Data shown
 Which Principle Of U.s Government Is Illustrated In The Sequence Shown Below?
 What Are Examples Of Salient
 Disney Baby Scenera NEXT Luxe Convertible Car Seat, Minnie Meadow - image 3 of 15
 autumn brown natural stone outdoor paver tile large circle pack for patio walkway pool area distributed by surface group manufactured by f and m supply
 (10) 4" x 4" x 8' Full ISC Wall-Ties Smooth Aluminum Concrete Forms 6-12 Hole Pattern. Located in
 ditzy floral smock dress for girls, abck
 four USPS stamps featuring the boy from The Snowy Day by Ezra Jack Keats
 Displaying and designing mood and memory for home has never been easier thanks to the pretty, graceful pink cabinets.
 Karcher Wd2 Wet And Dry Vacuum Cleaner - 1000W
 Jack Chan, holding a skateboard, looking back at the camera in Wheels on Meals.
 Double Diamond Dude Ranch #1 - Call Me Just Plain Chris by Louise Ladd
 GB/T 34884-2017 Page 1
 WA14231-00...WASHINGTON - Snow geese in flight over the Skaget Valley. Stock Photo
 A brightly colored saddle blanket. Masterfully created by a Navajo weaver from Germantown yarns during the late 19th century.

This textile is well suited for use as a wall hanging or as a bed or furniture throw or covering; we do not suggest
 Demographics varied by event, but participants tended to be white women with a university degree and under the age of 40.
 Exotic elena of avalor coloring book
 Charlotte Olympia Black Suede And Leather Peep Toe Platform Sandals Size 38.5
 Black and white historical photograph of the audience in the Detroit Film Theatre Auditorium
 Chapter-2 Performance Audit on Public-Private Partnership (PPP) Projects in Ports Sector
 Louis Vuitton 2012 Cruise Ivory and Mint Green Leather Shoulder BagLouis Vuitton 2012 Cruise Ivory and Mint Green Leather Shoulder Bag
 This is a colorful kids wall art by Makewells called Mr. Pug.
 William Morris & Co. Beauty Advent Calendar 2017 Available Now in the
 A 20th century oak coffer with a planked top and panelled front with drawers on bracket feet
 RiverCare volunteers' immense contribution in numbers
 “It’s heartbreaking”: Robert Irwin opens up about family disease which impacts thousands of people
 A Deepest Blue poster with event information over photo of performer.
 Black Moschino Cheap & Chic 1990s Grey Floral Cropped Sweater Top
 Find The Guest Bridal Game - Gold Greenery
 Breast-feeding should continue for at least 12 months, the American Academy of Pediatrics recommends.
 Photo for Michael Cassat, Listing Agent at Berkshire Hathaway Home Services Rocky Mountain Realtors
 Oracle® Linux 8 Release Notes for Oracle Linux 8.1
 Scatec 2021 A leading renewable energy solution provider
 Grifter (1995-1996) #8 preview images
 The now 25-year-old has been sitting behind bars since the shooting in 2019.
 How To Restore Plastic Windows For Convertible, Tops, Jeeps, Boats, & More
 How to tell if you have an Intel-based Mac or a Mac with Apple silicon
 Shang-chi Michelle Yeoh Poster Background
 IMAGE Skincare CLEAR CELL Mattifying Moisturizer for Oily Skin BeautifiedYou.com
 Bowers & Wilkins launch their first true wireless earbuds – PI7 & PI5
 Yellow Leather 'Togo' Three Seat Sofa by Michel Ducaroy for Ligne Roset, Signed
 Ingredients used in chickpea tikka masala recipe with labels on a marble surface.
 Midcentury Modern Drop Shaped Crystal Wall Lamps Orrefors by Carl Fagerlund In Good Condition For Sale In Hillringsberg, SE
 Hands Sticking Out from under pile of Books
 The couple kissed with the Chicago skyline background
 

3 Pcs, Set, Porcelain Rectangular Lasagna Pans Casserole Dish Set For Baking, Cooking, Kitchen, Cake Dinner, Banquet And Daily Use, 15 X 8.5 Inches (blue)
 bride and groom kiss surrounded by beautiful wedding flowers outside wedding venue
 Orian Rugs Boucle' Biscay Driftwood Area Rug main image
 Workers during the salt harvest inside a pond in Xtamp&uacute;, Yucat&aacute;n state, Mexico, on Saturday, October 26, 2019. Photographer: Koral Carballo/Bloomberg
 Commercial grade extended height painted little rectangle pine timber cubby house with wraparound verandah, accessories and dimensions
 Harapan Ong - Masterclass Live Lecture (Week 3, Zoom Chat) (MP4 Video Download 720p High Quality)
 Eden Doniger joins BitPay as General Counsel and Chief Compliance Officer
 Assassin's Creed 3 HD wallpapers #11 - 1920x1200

How to complete this task
Identify every line above with the string "Black" in it. Copy those lines.

Solution
 Charlotte Olympia Black Suede And Leather Peep Toe Platform Sandals Size 38.5
 Black and white historical photograph of the audience in the Detroit Film Theatre Auditorium
 Black Moschino Cheap & Chic 1990s Grey Floral Cropped Sweater Top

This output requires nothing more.